Emerge da una analisi della Coldiretti presentata in occasione del World Pasta Day a Tuttofood a Milano dove sono presenti agricoltori e industriali per celebrare l’appuntamento.

In Italia si producono 3,9 milioni di tonnellate di pasta con una filiera che conta 120 imprese, oltre 10mila addetti e quasi 200mila aziende agricole italiane impegnate a fornire grano duro di altissima qualità.

Nel corso del tempo sono aumentati anche i formati della pasta che sono ormai arrivati a quota 300, mentre alle varietà tradizionali si sono aggiunte quelle fatte con l’integrale, il gluten free, quelle con farine alternative e legumi.

La ricerca del Made in Italy ha condotto anche alla riscoperta di grani antichi, riportando nel piatto il Senatore Cappelli, la Timilia, il Saragolla e altre varietà che hanno fatto la storia del Paese a tavola.

Ma con la pandemia gli italiani sono tornati anche a fare la pasta in casa con quattro famiglie su dieci (41%) che nel 2021 si sono cimentate con il mattarello sotto la spinta del ritorno alla tradizione e del maggior tempo trascorso tra le mura domestiche, secondo un’analisi Coldiretti/Ixe’.
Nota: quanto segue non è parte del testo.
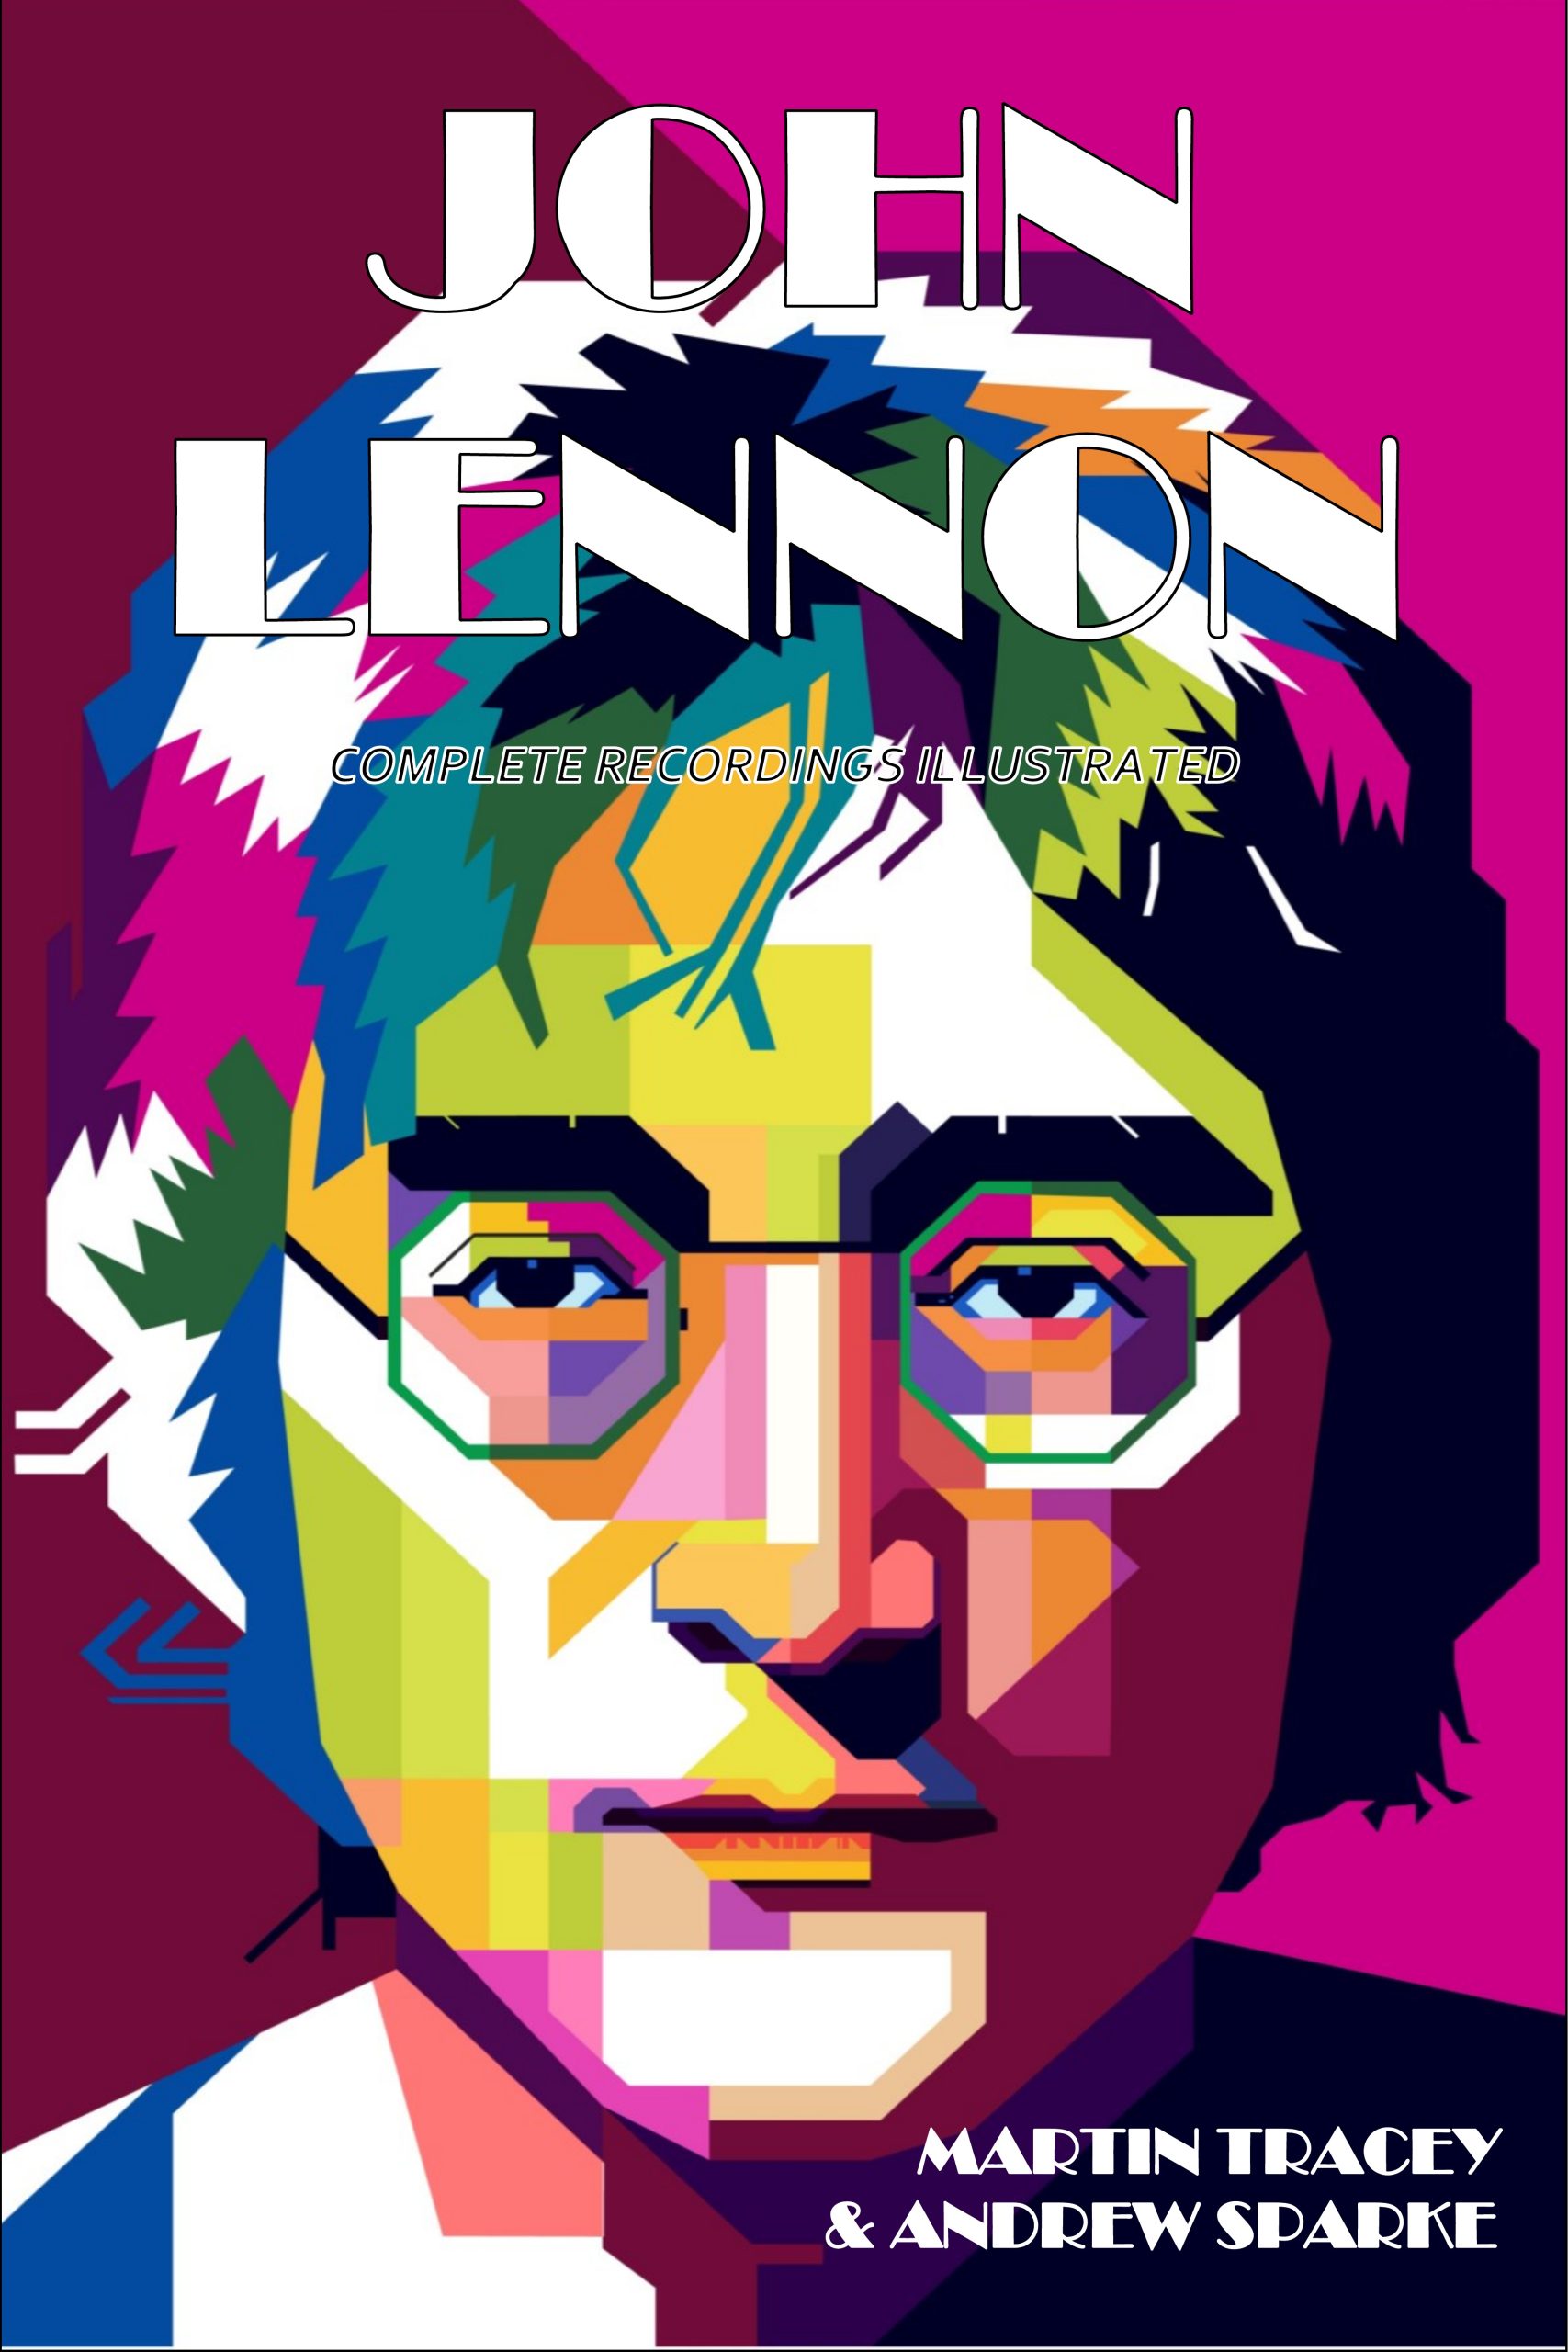 book cover discography John Lennon?

Anche grazie a questo trend l’Italia resta il Paese con il più elevato consumo di pasta per un quantitativo di 23,5 chilogrammi a testa contro i 17 chili della Tunisia, seconda in questa speciale classifica seguita da Venezuela (15 chili), Grecia (12 chili), Cile (9,4 chili), Stati Uniti (8,8 chili), Argentina e Turchia a pari merito (8,7 chili)

All`estero finisce oltre la metà (il 62%) della produzione nazionale di pasta.

In testa alla classifica dei principali clienti si piazza la Germania, davanti a Stati Uniti, Francia, Gran Bretagna e Giappone, cinque paesi che assorbono da soli oltre metà dell`export, mentre i mercati in più rapida crescita sono Cina, Canada, Spagna e Arabia Saudita. Nel 2021 le esportazioni di pasta tricolore raggiungeranno il valore di 2,9 miliardi, con un aumento del 7% rispetto al periodo pre Covid.